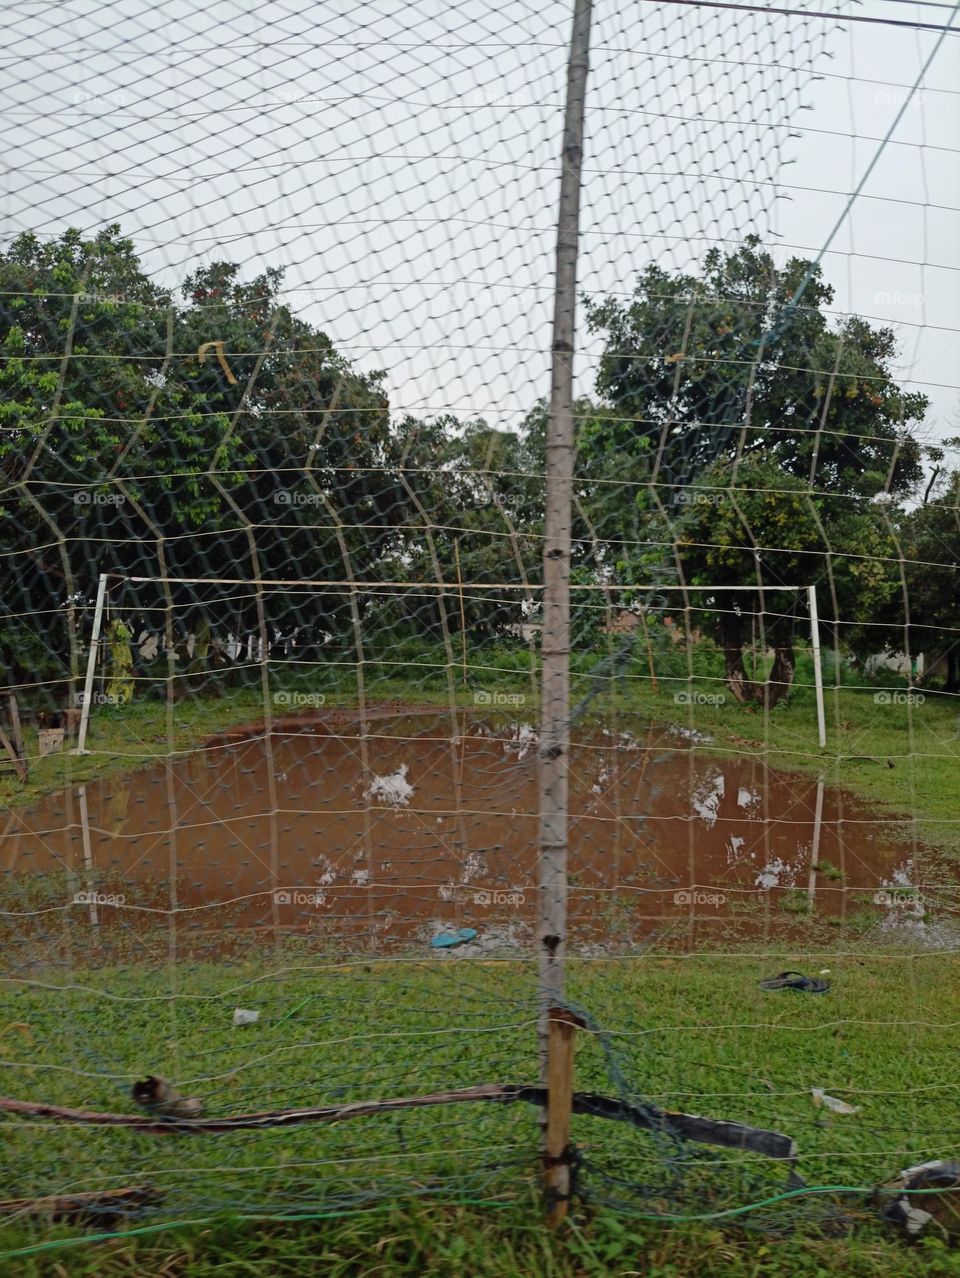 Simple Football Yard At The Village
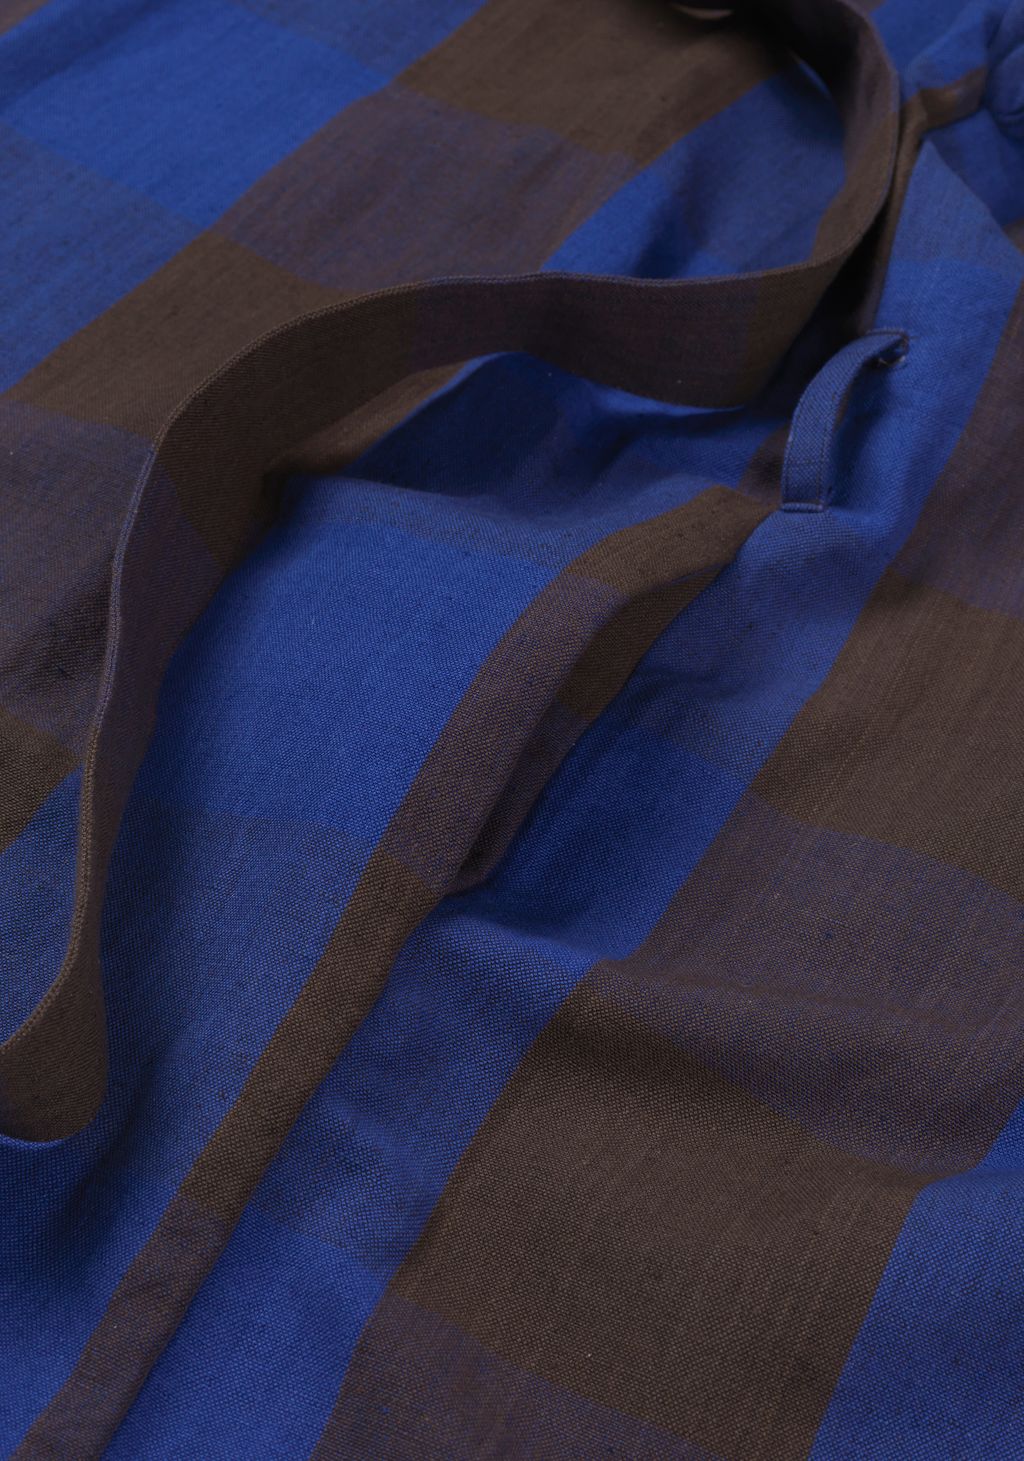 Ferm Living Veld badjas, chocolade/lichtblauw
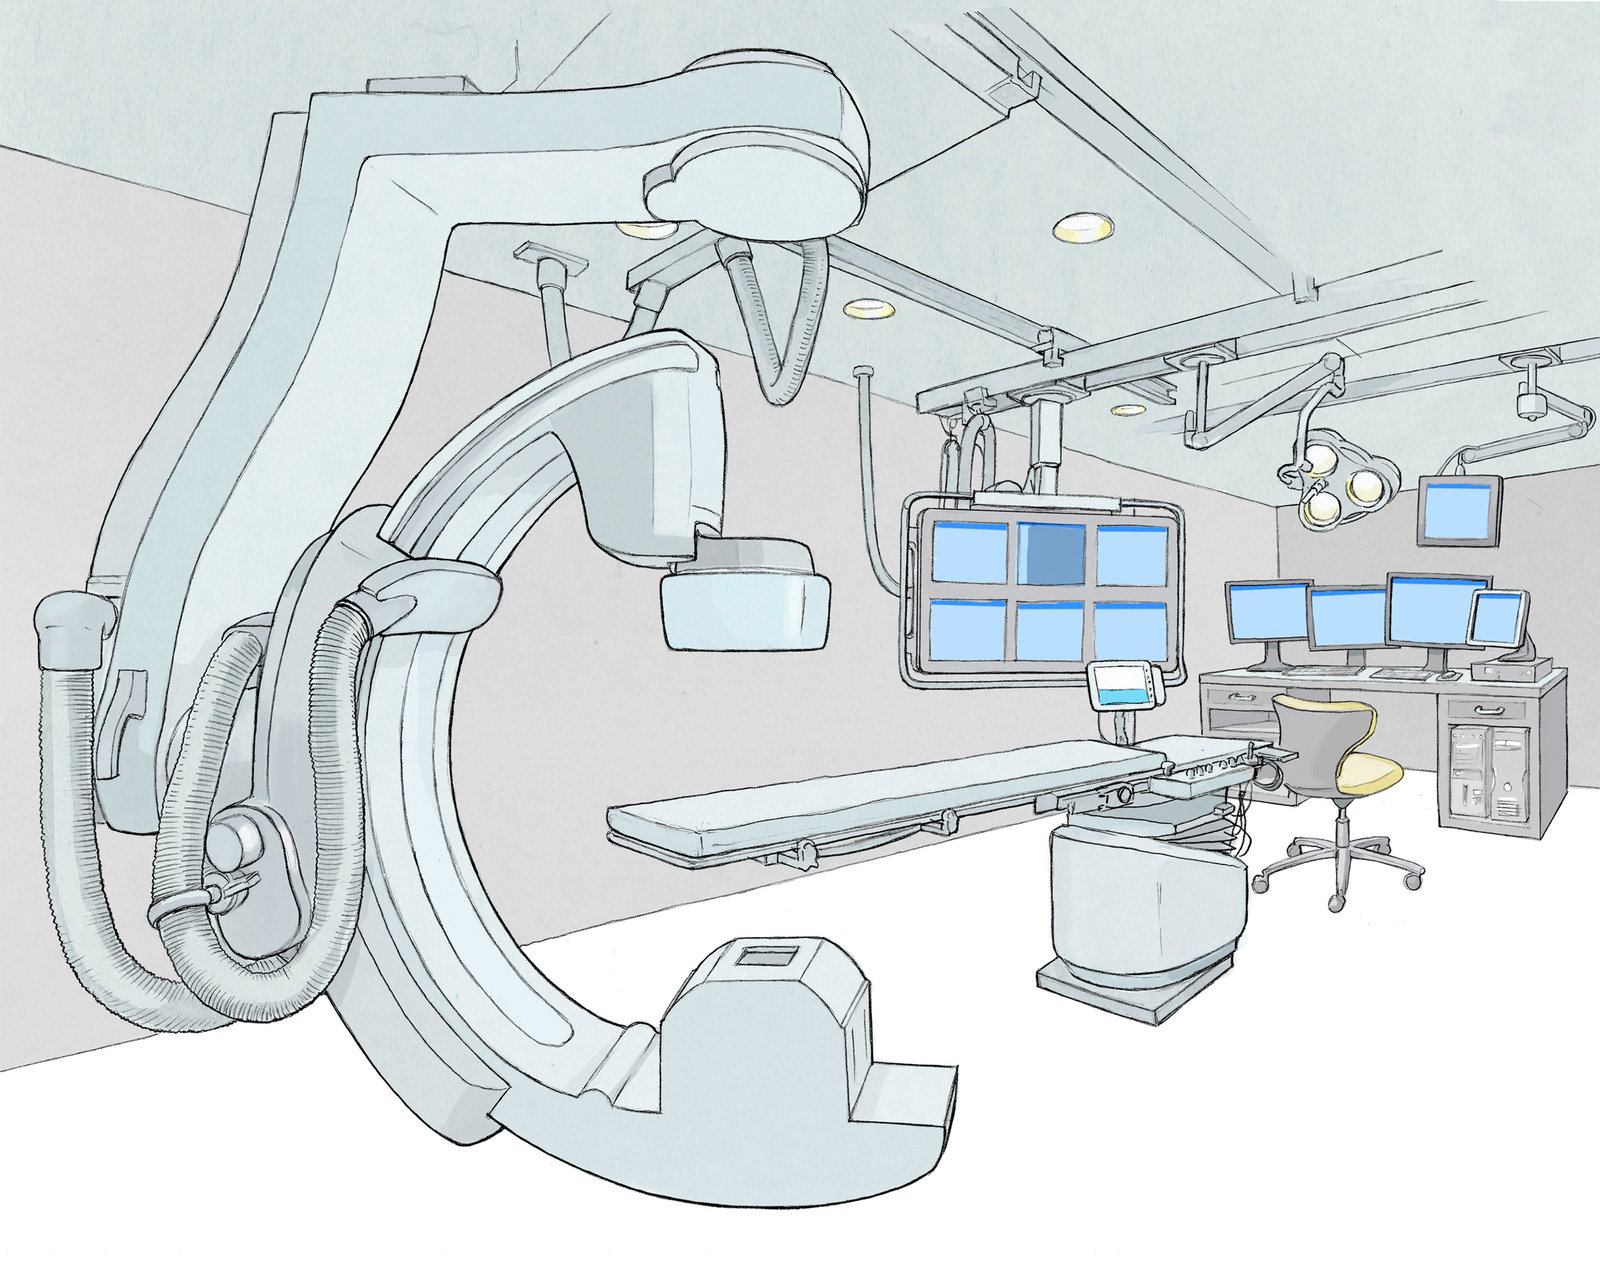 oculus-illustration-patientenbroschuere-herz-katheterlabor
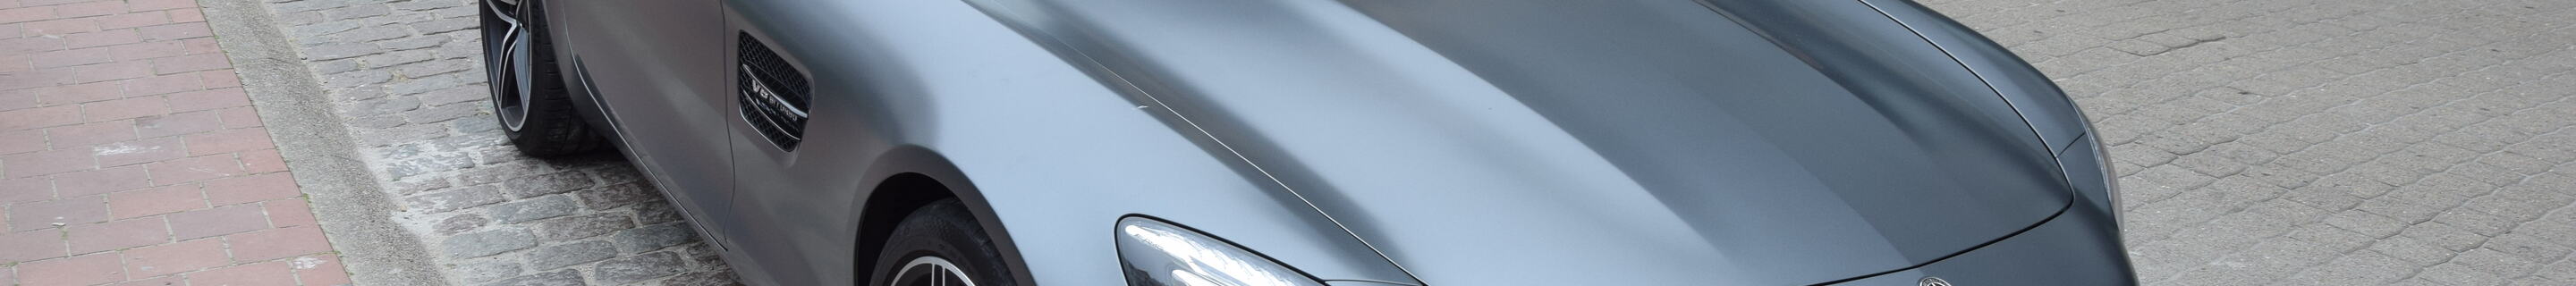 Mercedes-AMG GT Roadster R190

**AIM OF THE TASK:**
In copying the listing, reproduce each line exactly and omit the pictures.

**RESULT:**
 Simple Football Yard At The Village
 Ferm Living Veld badjas, chocolade/lichtblauw
 oculus-illustration-patientenbroschuere-herz-katheterlabor
 Mercedes-AMG GT Roadster R190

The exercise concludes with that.